◆ Your goal ◆
Any image found in the entries is to be skipped; the rest is returned word for word.

━━━━━ Dataset ━━━━━

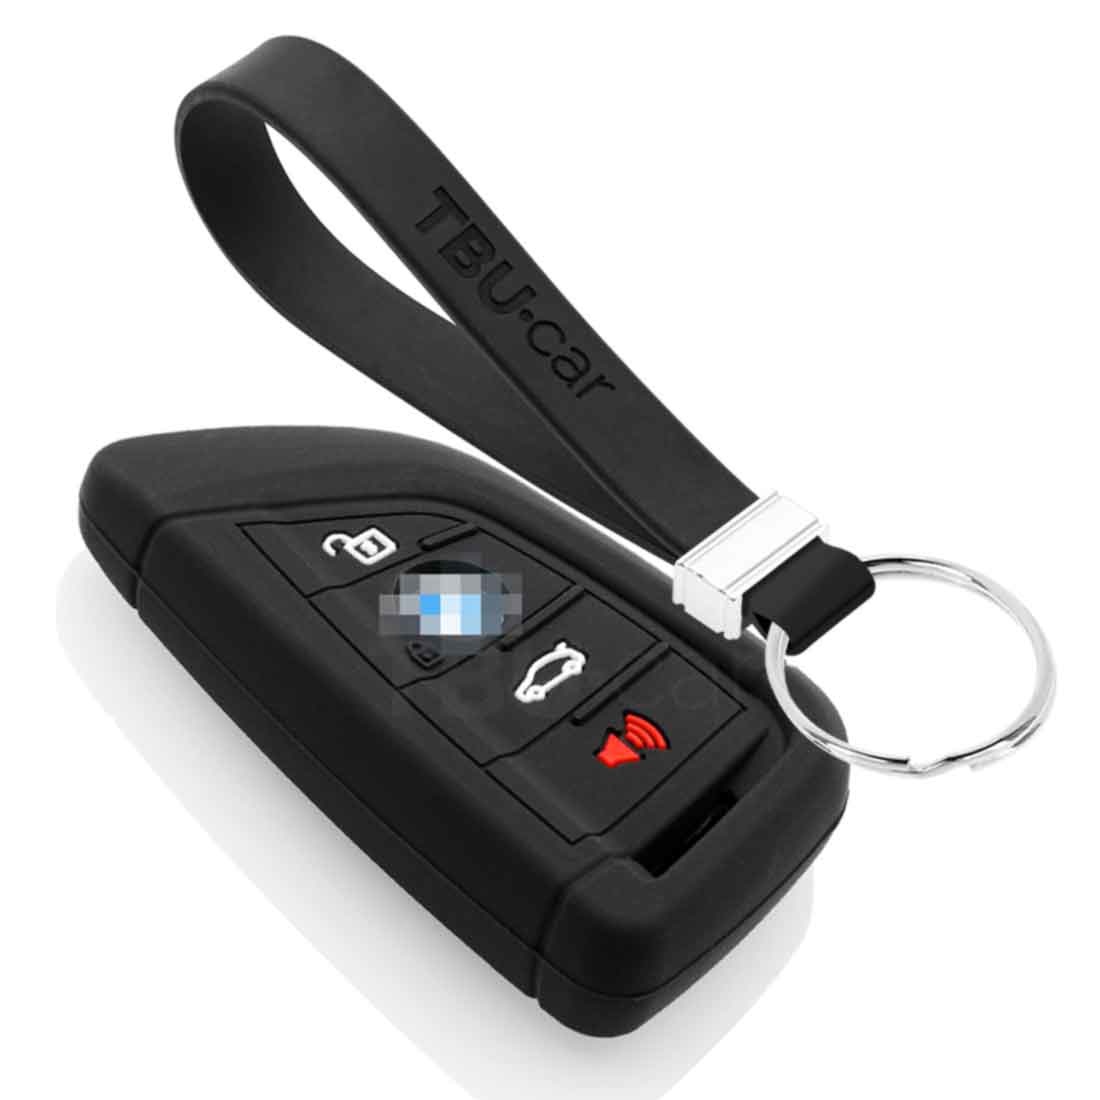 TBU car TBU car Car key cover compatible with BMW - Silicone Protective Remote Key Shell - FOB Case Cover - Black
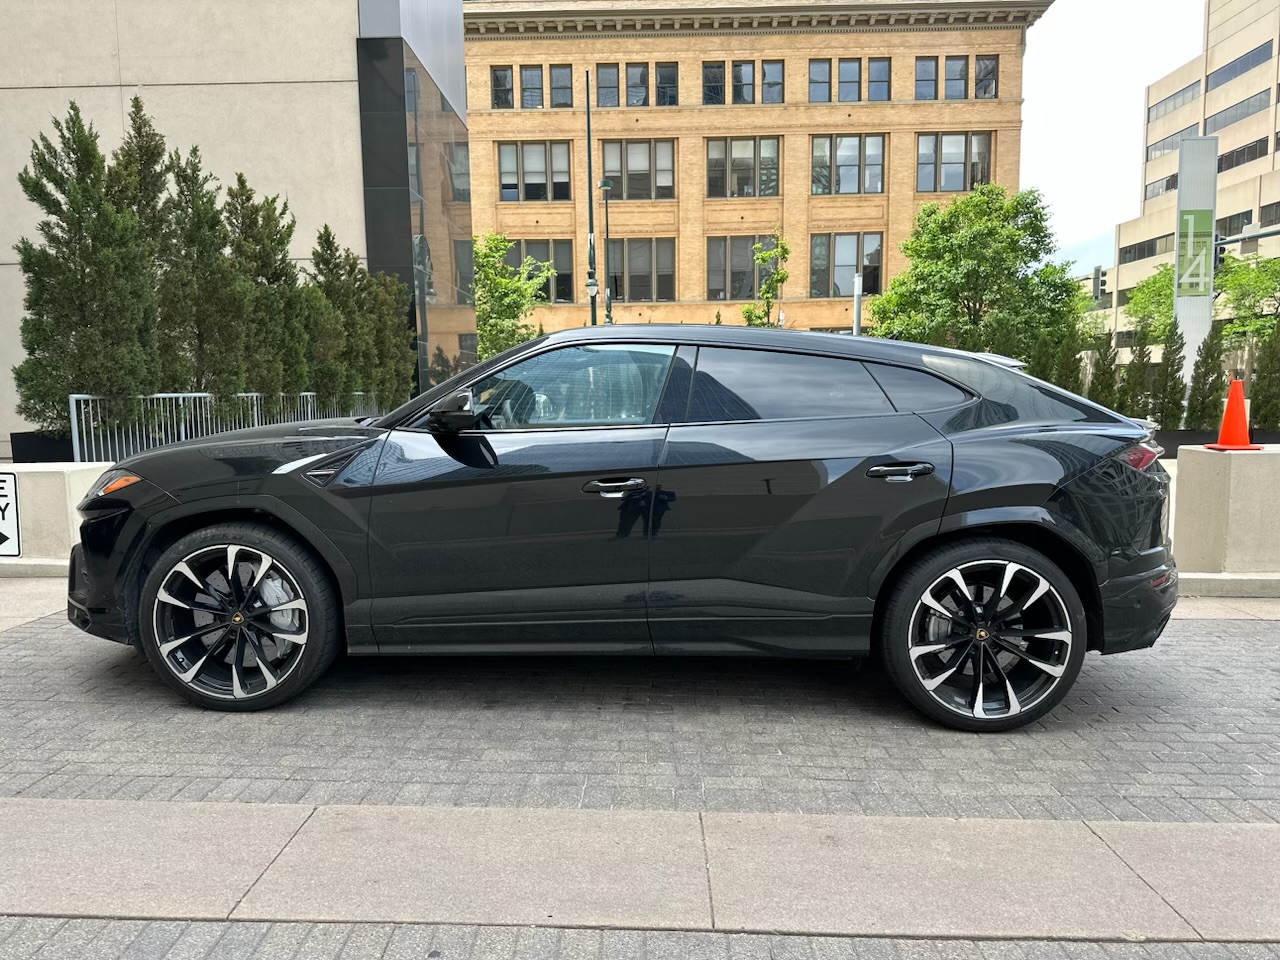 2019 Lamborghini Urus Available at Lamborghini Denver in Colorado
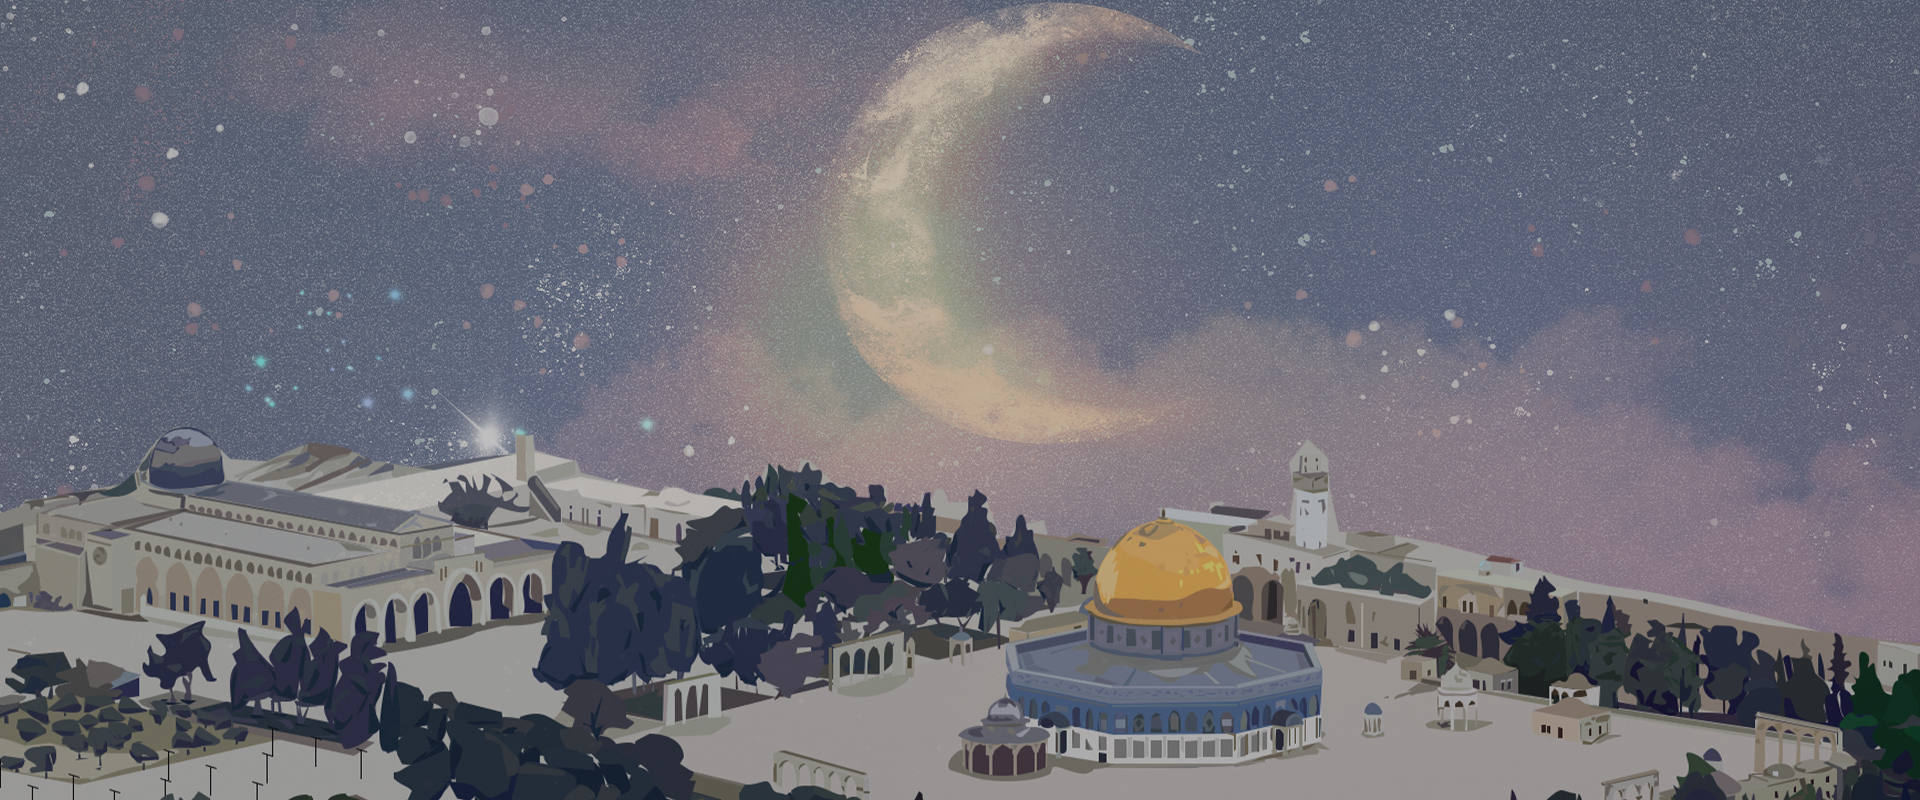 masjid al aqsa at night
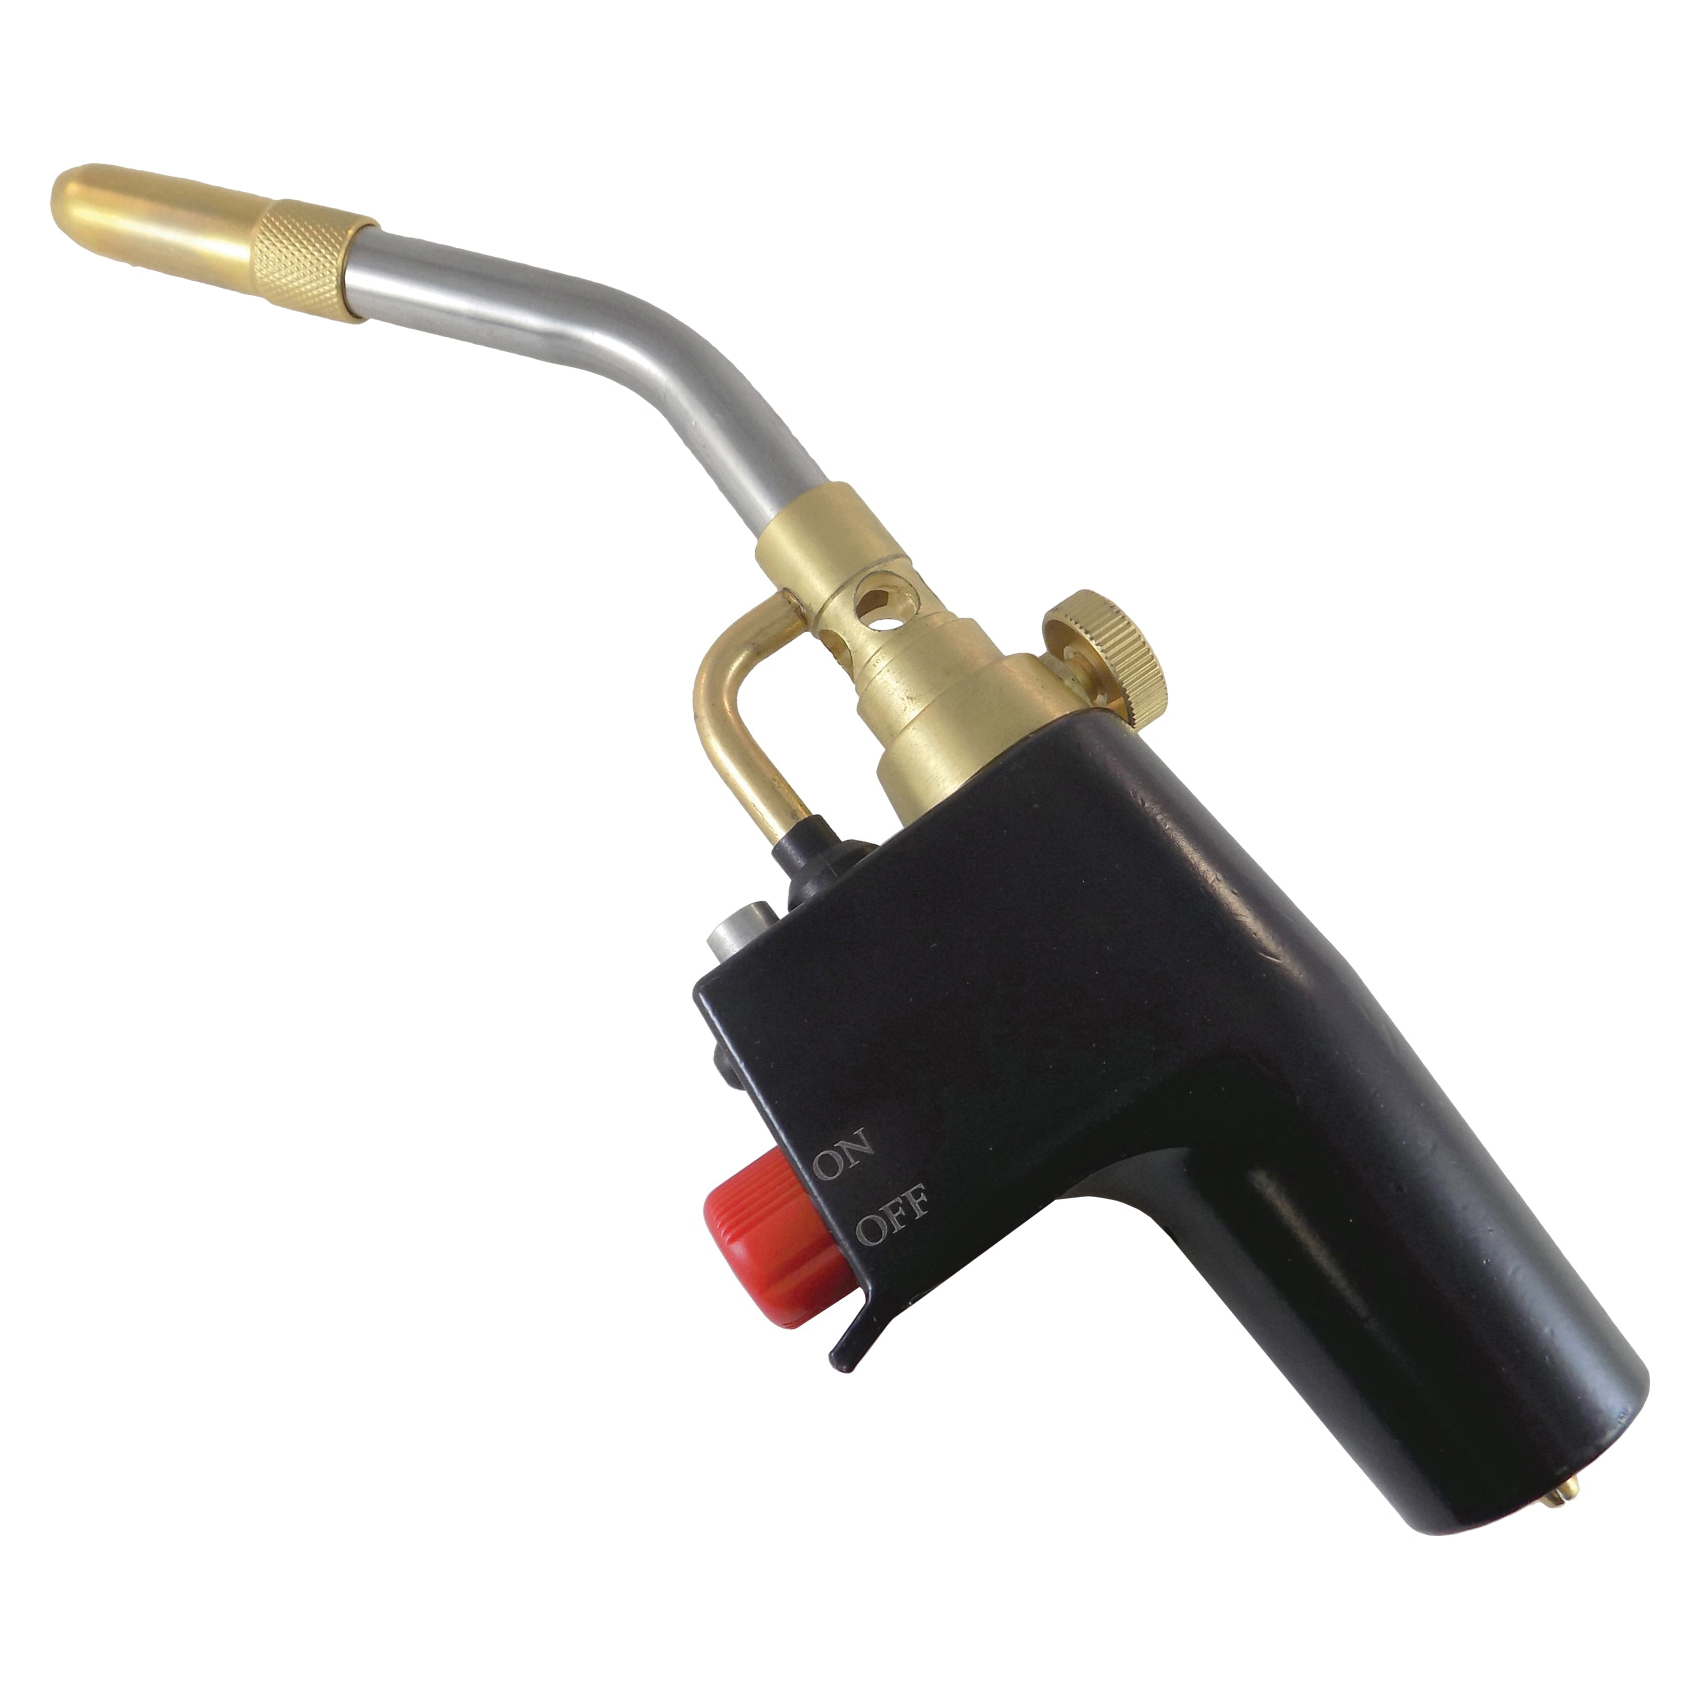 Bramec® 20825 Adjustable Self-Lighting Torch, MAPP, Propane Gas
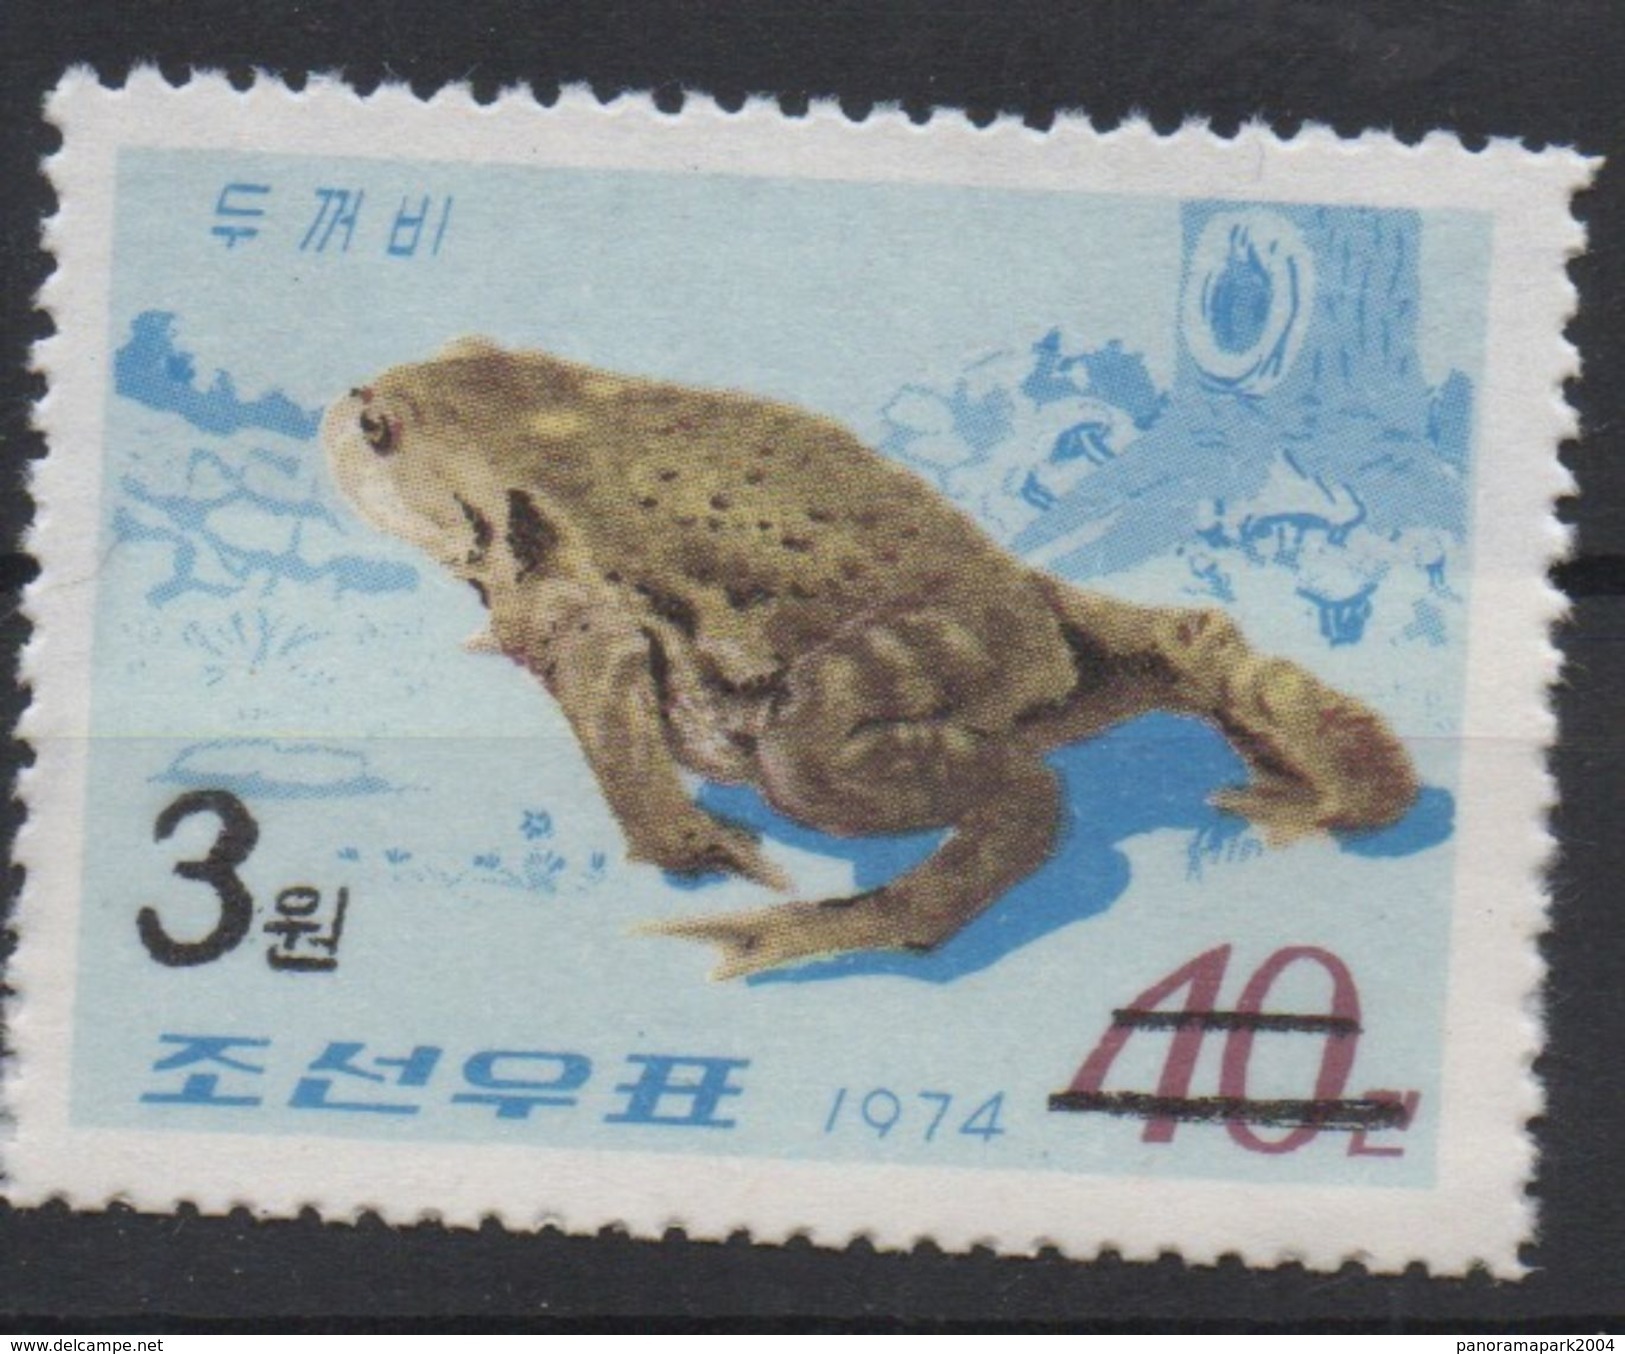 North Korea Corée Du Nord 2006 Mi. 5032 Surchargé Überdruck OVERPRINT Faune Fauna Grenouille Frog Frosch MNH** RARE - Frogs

━━━━━

◆ Task response ◆
 TBU car TBU car Car key cover compatible with BMW - Silicone Protective Remote Key Shell - FOB Case Cover - Black
 2019 Lamborghini Urus Available at Lamborghini Denver in Colorado
 masjid al aqsa at night
 Bramec® 20825 Adjustable Self-Lighting Torch, MAPP, Propane Gas
 North Korea Corée Du Nord 2006 Mi. 5032 Surchargé Überdruck OVERPRINT Faune Fauna Grenouille Frog Frosch MNH** RARE - Frogs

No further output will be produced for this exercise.